What about the "angry left," Paul? What about people like Montelle Willis (or whatever the fuck's his name) suggesting Sarah Palin kill herself? Look, I know there are some angry people out there period but to infer the left is not infested with mad cow anger is bizarre and outright insidious. But he gets points for waiting seven paragraph before inserting the requisite Reagan bashing.

In the short run, this may help Democrats, as it did in that New York race. But maybe not: elections aren’t necessarily won by the candidate with the most rational argument. They’re often determined, instead, by events and economic conditions.

Duh. Isn't that, like, usually the case, period? But I like the soft, subtle "only liberals are rational" swipe. Yes, all seats won by Democrats is thanks to national will and somistimificated ideas. Got it.

What helped the Democrats was that they ran against a third party candidate and barely beat that stiff. It's nice to claim victory with a "we never held that seat since 1871!" But, the truth is they won it by default. Their spinning of it reminds me of how the lines between victory and defeat; winners and losers have been deliberately blurred in society as a whole. In hockey, we grant a point to a losing team for "trying" and in an effort to "equalize" teams - commonly known as parity. Winning is increasingly being defined less by the final score or outcome and more by measuring what you did better than your opponent in parts of the game. It's like saying, "even though we lost, we actually won because we outshot them five on five."

See the 'L' I'm forming with my fingers over my forehead?

In fact, the party of Limbaugh and Beck could well make major gains in the midterm elections.
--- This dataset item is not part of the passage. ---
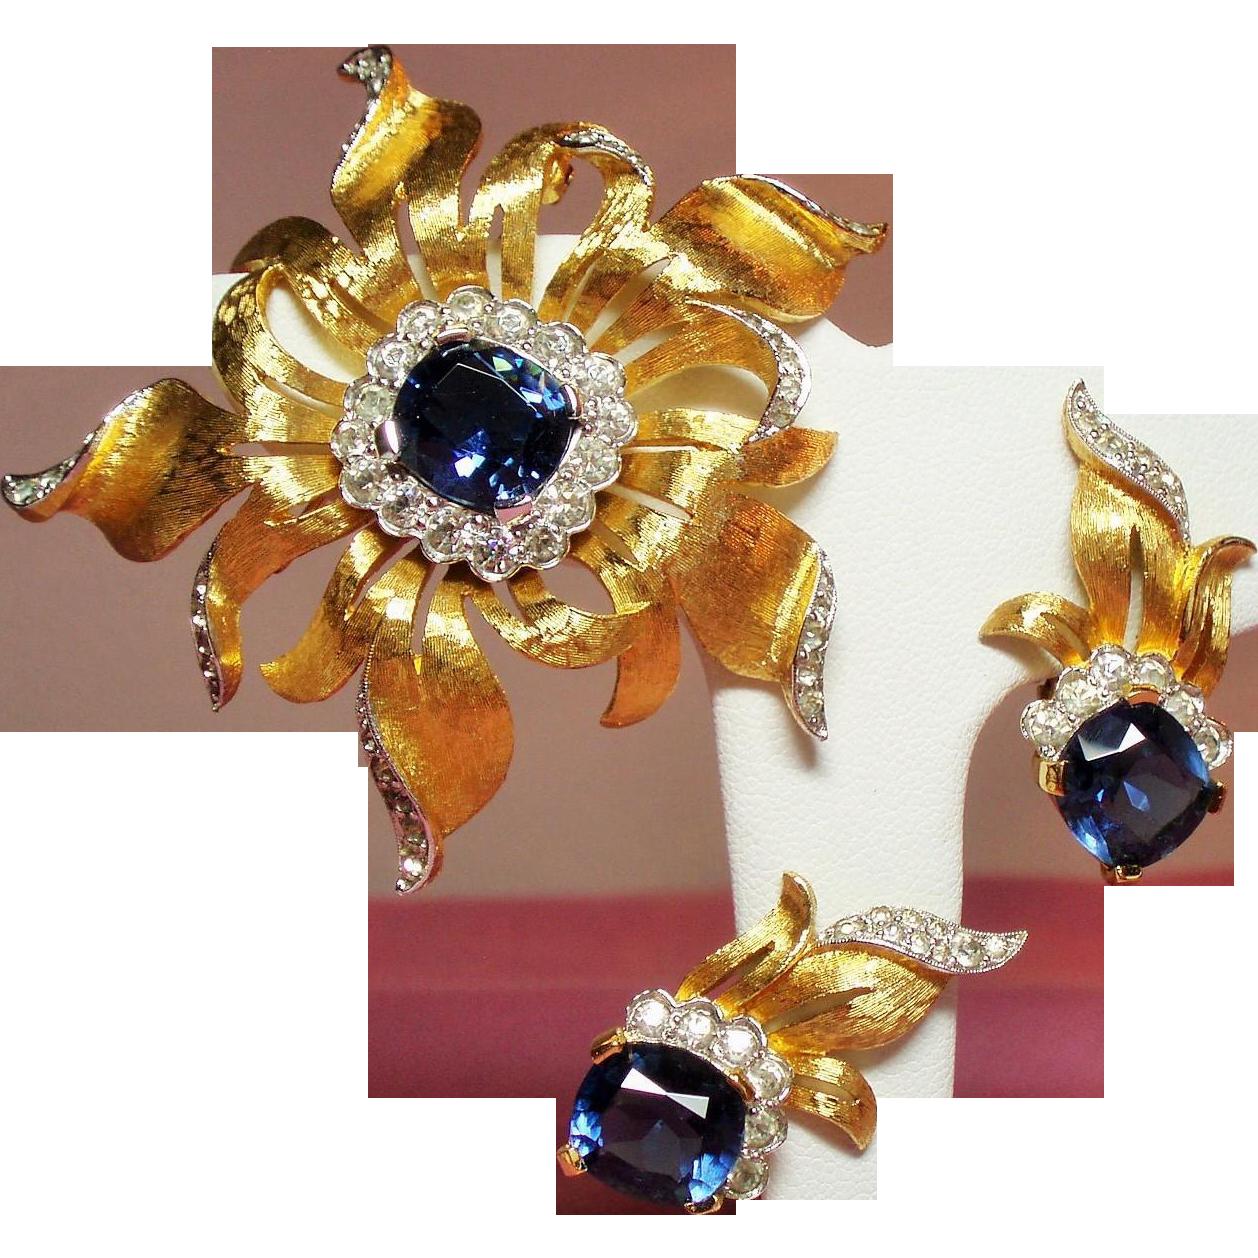 Vintage Jomaz Cushion Cut Faux Sapphire Diamante Brooch Earrings Demi Parure.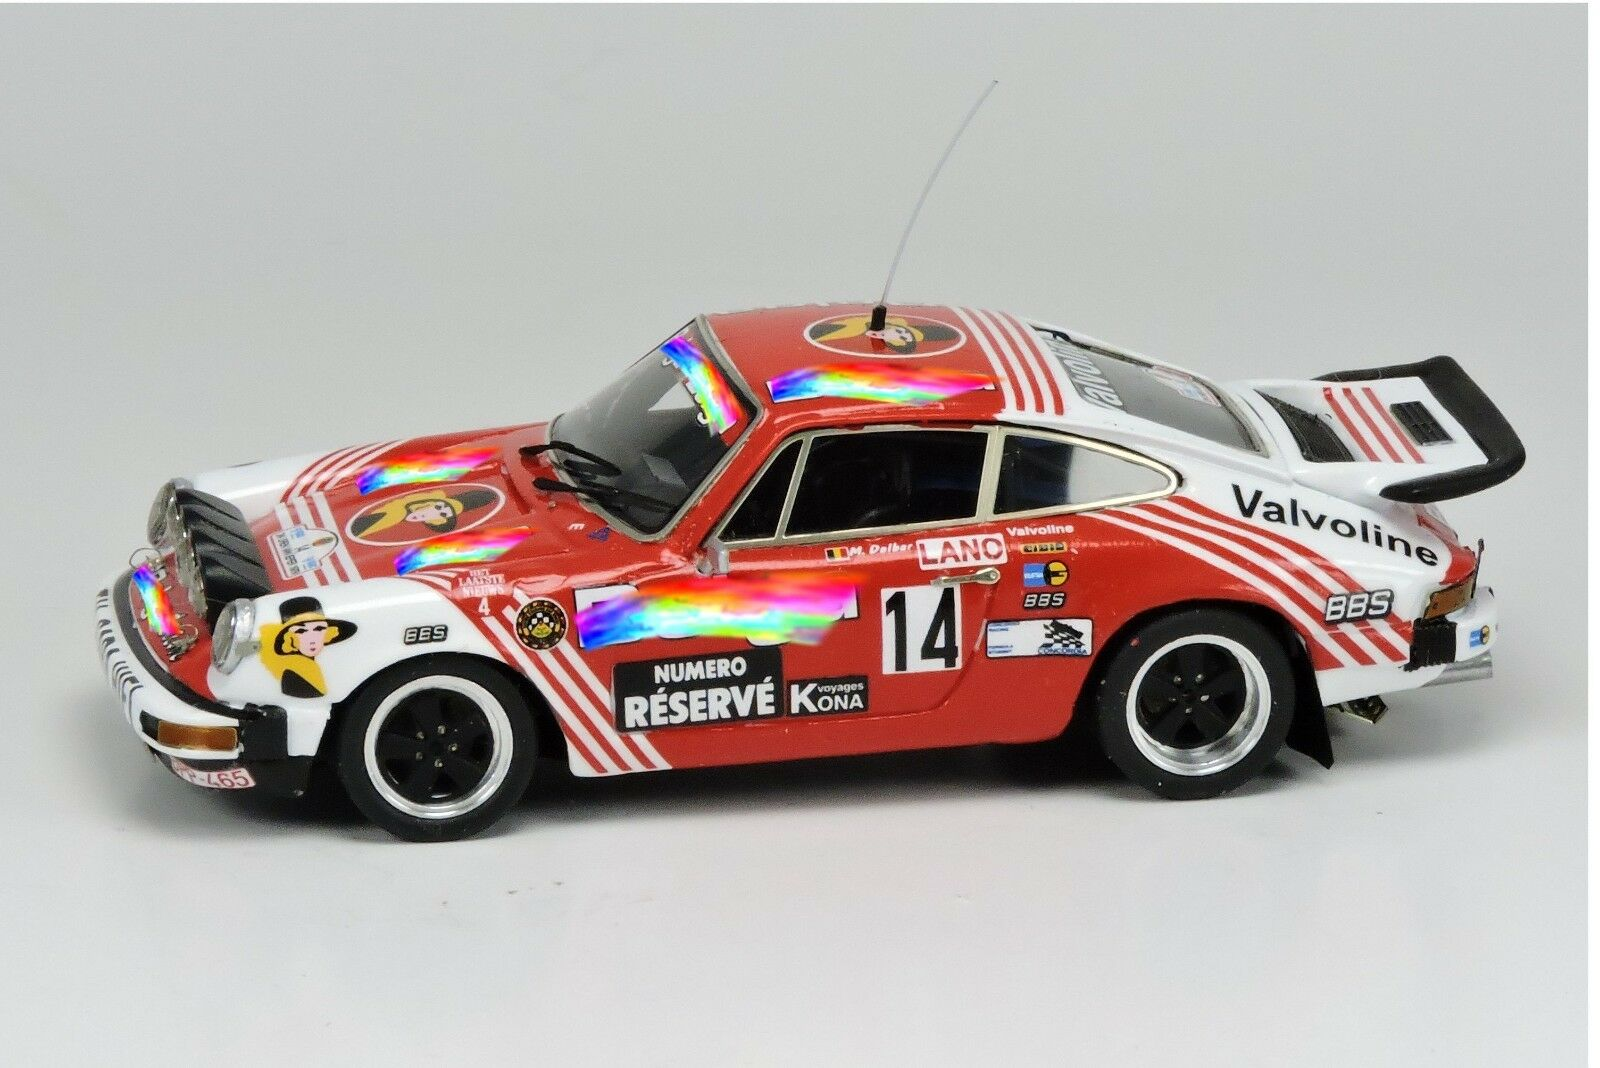 con 60% de descuento kit Porsche 911 911 911 SC Gr.4 Team Belga  14 Ypres 1979 - Arena Models kit 1 43  almacén al por mayor

The Obama administration’s job-creation efforts have fallen short, so that unemployment is likely to stay disastrously high through next year and beyond. The banker-friendly bailout of Wall Street has angered voters, and might even let Republicans claim the mantle of economic populism. Conservatives may not have better ideas, but voters might support them out of sheer frustration.
Really? You mean that stimulus you strenuously pushed so hard for to the point of insanity isn't working? For true? And now you push a $1.2 trillion dollar health reform something, something on the American people in dire economic times?  More points for waiting longer to insert Limbaugh and Beck.

Of all Prez's, it reminds me of Calvin "Cool is ice" Coolidge.

Hear me out. When the borderline mute Republican took over in the roaring and screaming 1920s, unemployment was near 12%. He stayed out of the way and unemployment magically dropped to 5%. In addition, GNP grew 1 1/2 times in just three years. Of course, we can debate the hows and whys, impact and consequences of all this but these were the facts.

Obama doesn't get out of the way. He harasses. When he took over, unemployment was 6.6%, with his plan, it soared past 10% and likely to stay there. Right. Bush's fault.

Which begs the question: Why and at what point did interventionism become a cornerstone of liberal economic orthodoxy?

For good measure, here's what the famed author and journalist (and may I add philosopher and astute observer of all things) H.L. Mencken said about Coolidge:

"He will be ranked among the vacuums." He later moderated it to: "Should the day ever dawn when we reduce government to its simplest terms, it may very well happen that Calvin's bones now resting inconspicuosly in the Vermont granite will come to be revered as those of a man who really did the nation some service."

Yeah, by leaving people alone.

There's a lesson here for Obama. Maybe FDR is not the model to follow. Coolidge is. Then again, some assert his laissez-faire policies led to the Depression of the 1930s.